*What to produce*. Omit the pictures and output exactly the lines from the start of the entries through the line containing "Grandmaster Instruction".

*Supplied records*.
-- Opening Marker --

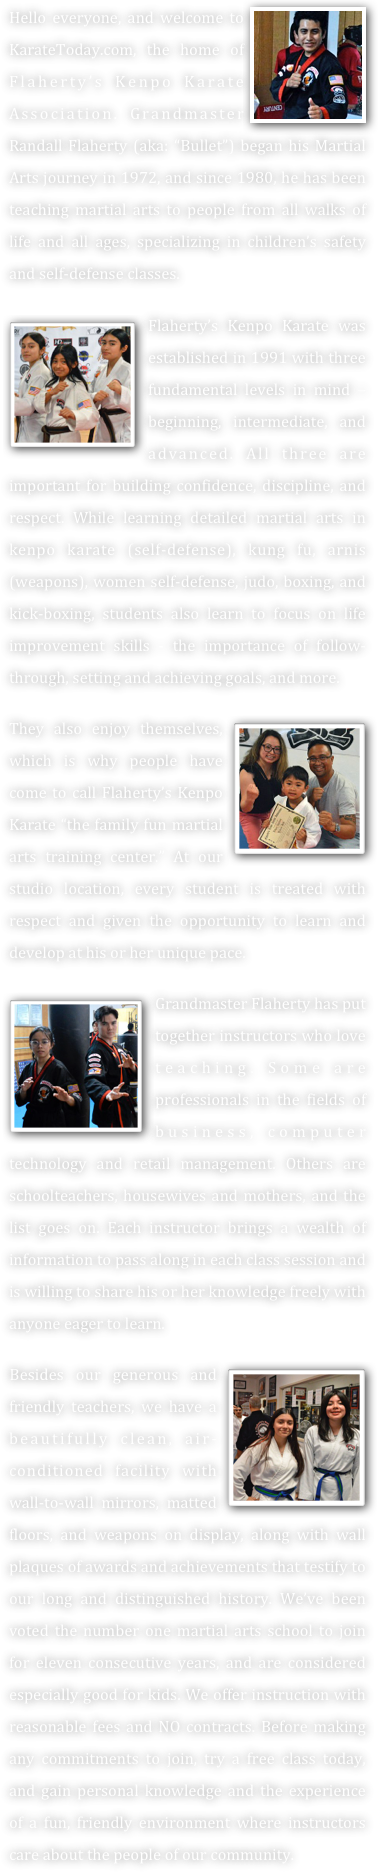 Low Starter Rates
     



Consider Us...

 Terrific Prices
 Great for Children 
    (ages: 5 & Up)
 Classes for Teens & Adults
 No Contracts
 Free Starter Uniform
 Up to One Free Month
 Over 40 years Experience
 Grandmaster Instruction
 Ultimate in Self-defense
 Friendly Environment
 Knowledgeable Teachers
 Excellent Student Mentors
 Certified in Child Psychology.
 Certified in CPR, Adult First Aid, AED, and Pediatrics.
 Martial Arts Hall of Fame inductees (A-List Recipients).







2015 KCRA 3 A-List Reports:
“Voters Love
Flaherty’s Kenpo Karate.”

Ranked in the top “5” Schools out of 106 for Best Martial Arts.

 Best of San Joaquin
 Best of the Bay
 Parent Magazine
   (Voted Us: Good for kids)








 On Saturday, June 29, 2019, Grandmaster Flaherty was selected as one of five martial artists to represent the entire state of California as an inducted member of the American Martial Arts Alliance, Who’s Really Who in the Martial Arts, and as one of the authors of the Masters and Pioneers Autobiography book.






On Saturday, January 25, 2020 Grandmaster Randall Flaherty was inducted into the Action Martial Arts Magazine Hall of Honors. He was one of only five people worldwide chosen to receive the “Distinguished Renowned Martial Artist” award. He was also selected to author a brief autobiography for the 2020 Martial Arts History Book/Directory.

 The Academy received Best of 2022: Stockton Awards (Business Hall of Fame) for 11 consecutive years. (Martial Arts Training)

Thank You
For Voting Us #1
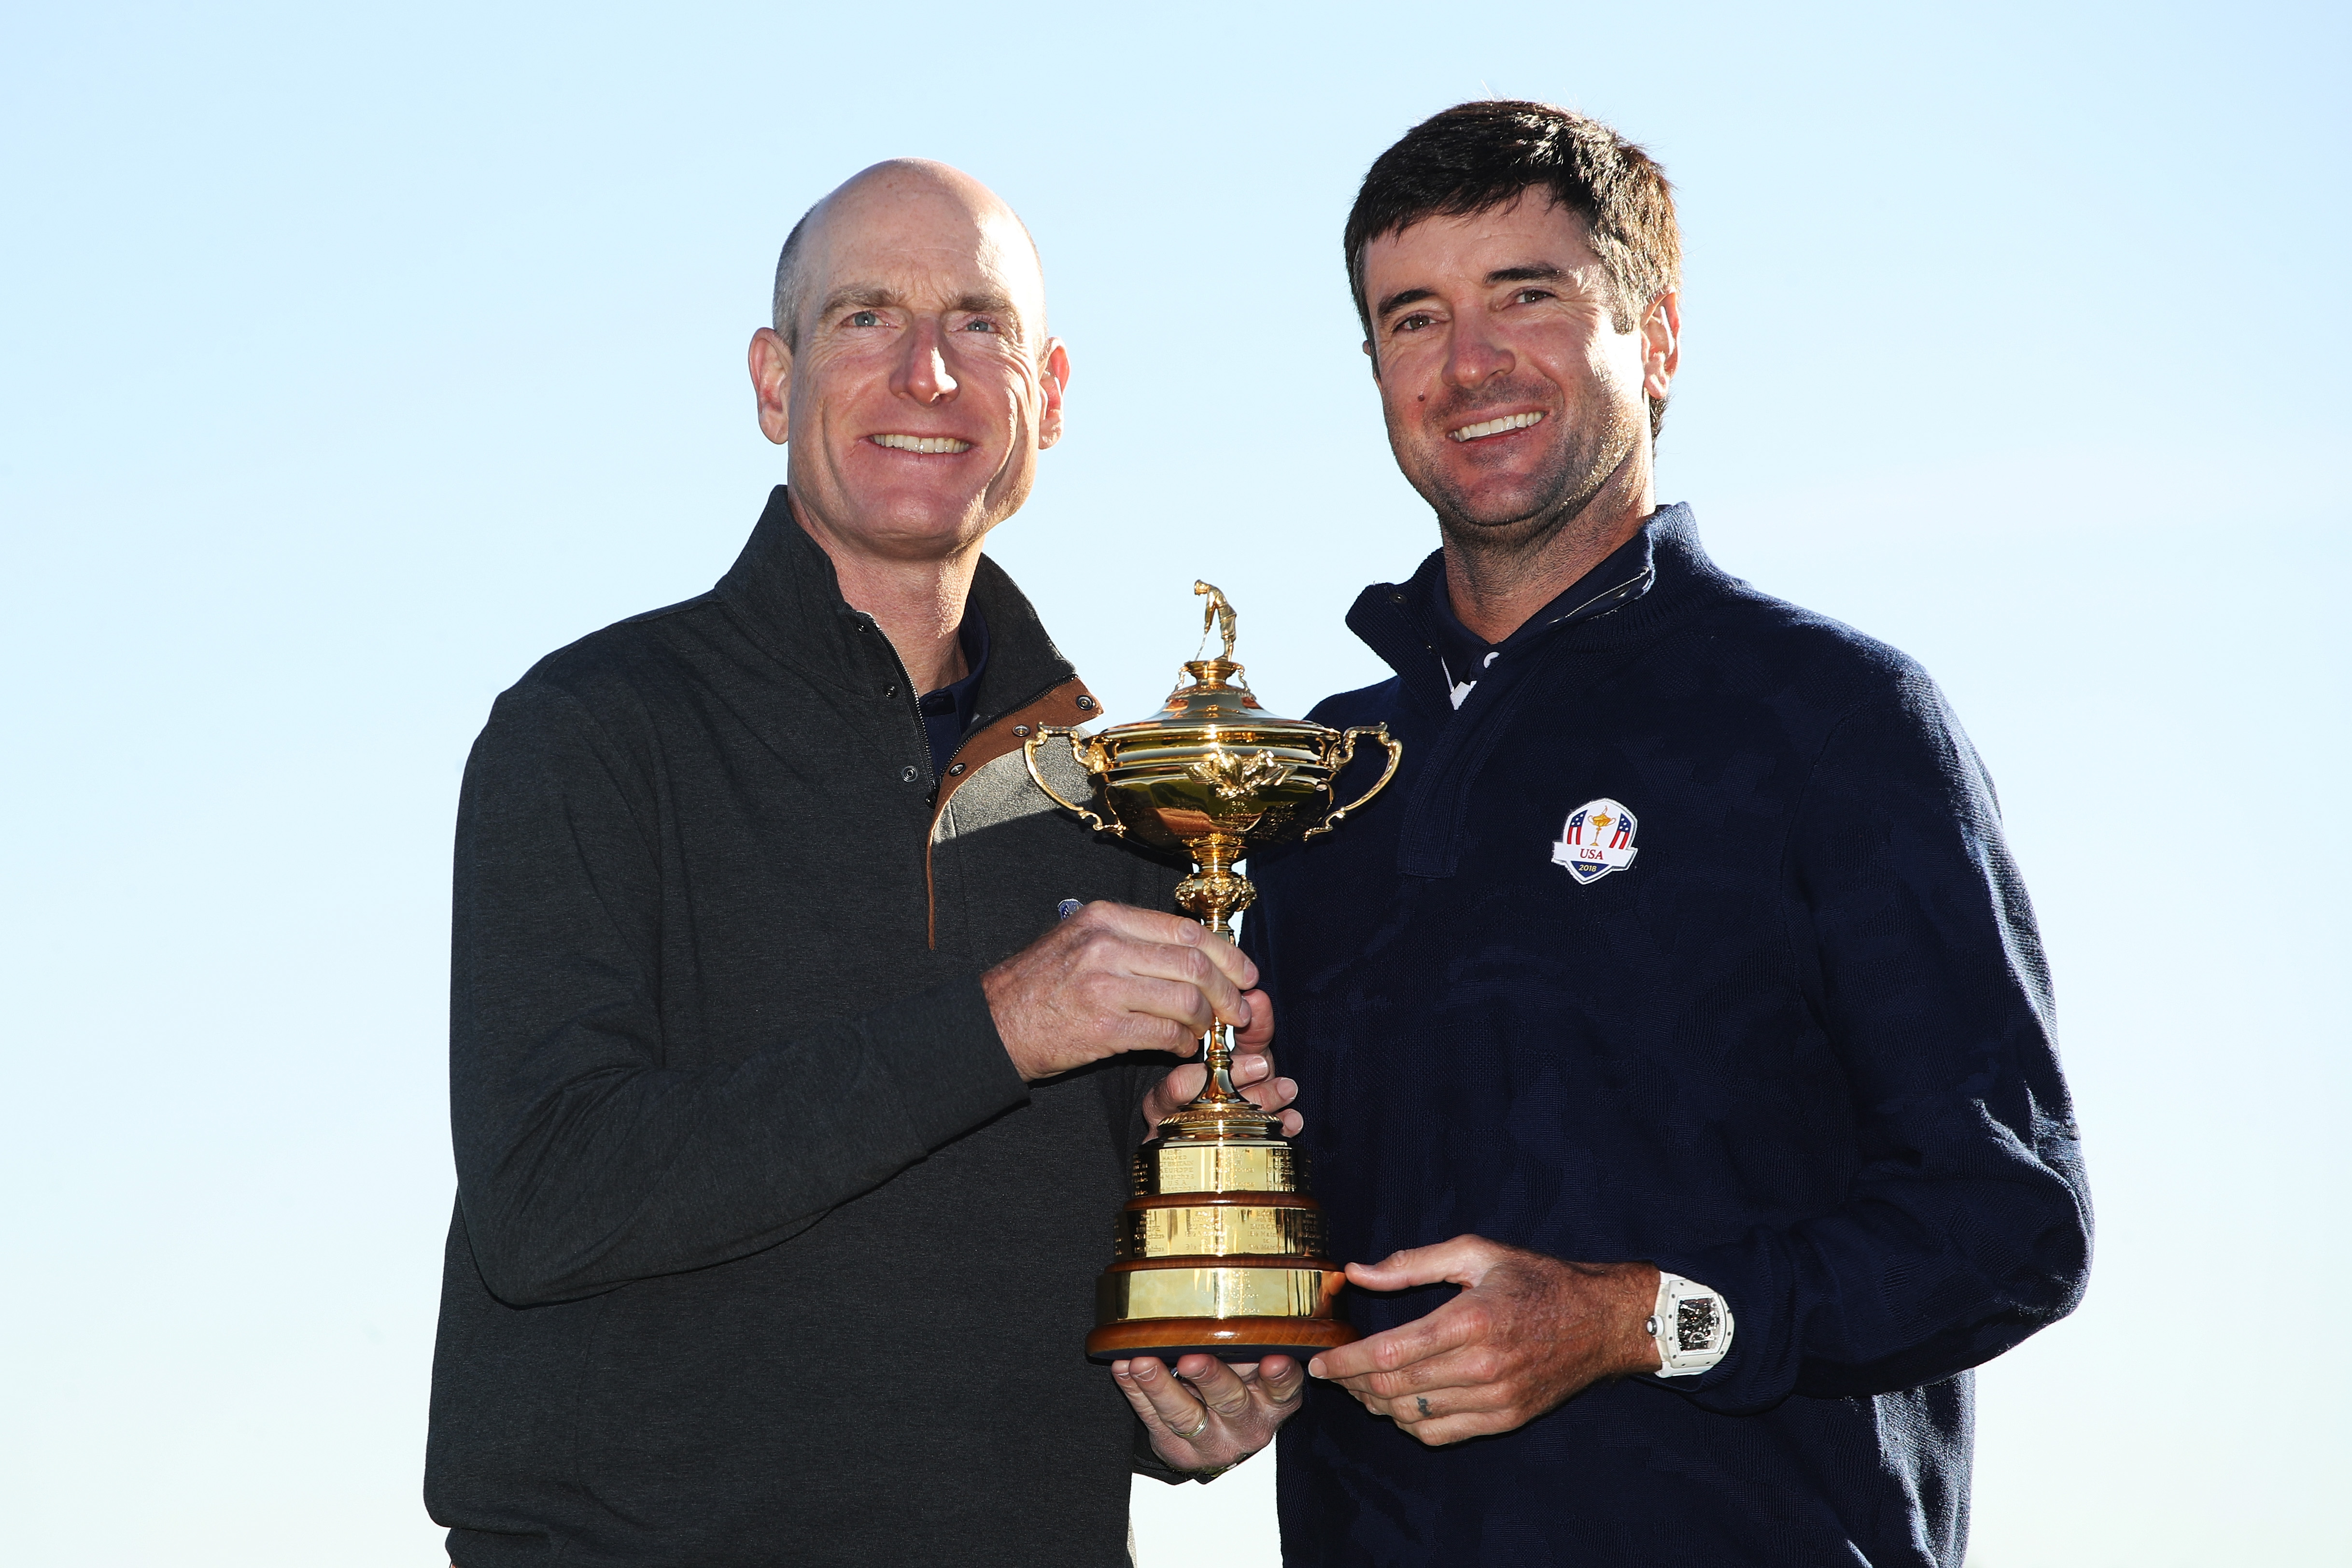 Huge blow for the United States Ryder Cup team as Bubba Watson is ill
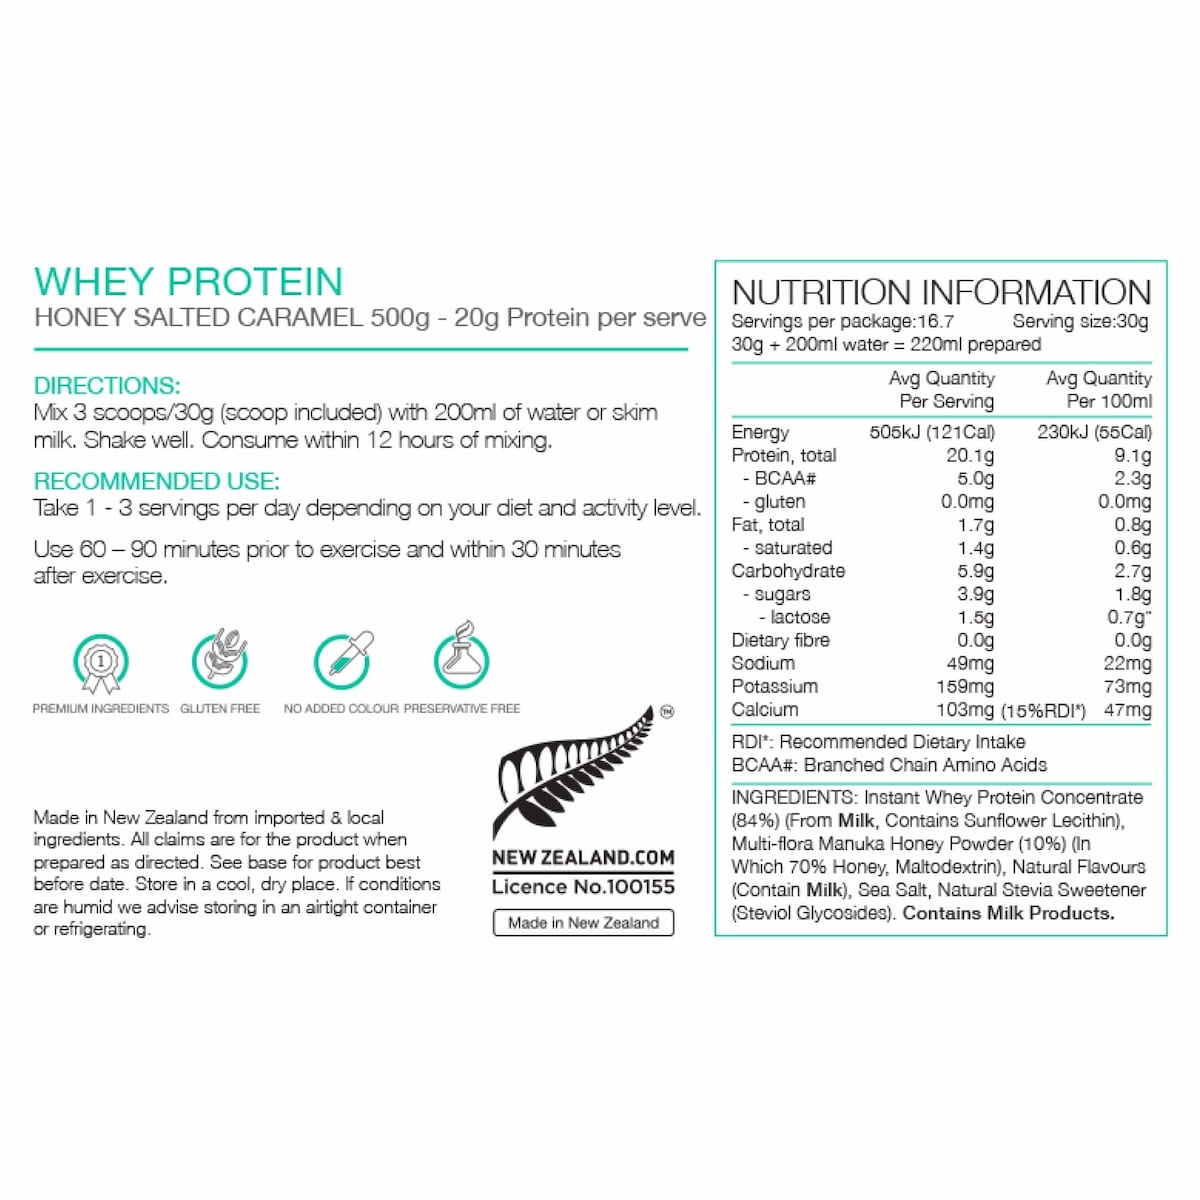 Pure Whey Protein Concentrate Salted Caramel 500g

-- Closing Marker --

*Exercise result*.
 Low Starter Rates
     



Consider Us...

 Terrific Prices
 Great for Children 
    (ages: 5 & Up)
 Classes for Teens & Adults
 No Contracts
 Free Starter Uniform
 Up to One Free Month
 Over 40 years Experience
 Grandmaster Instruction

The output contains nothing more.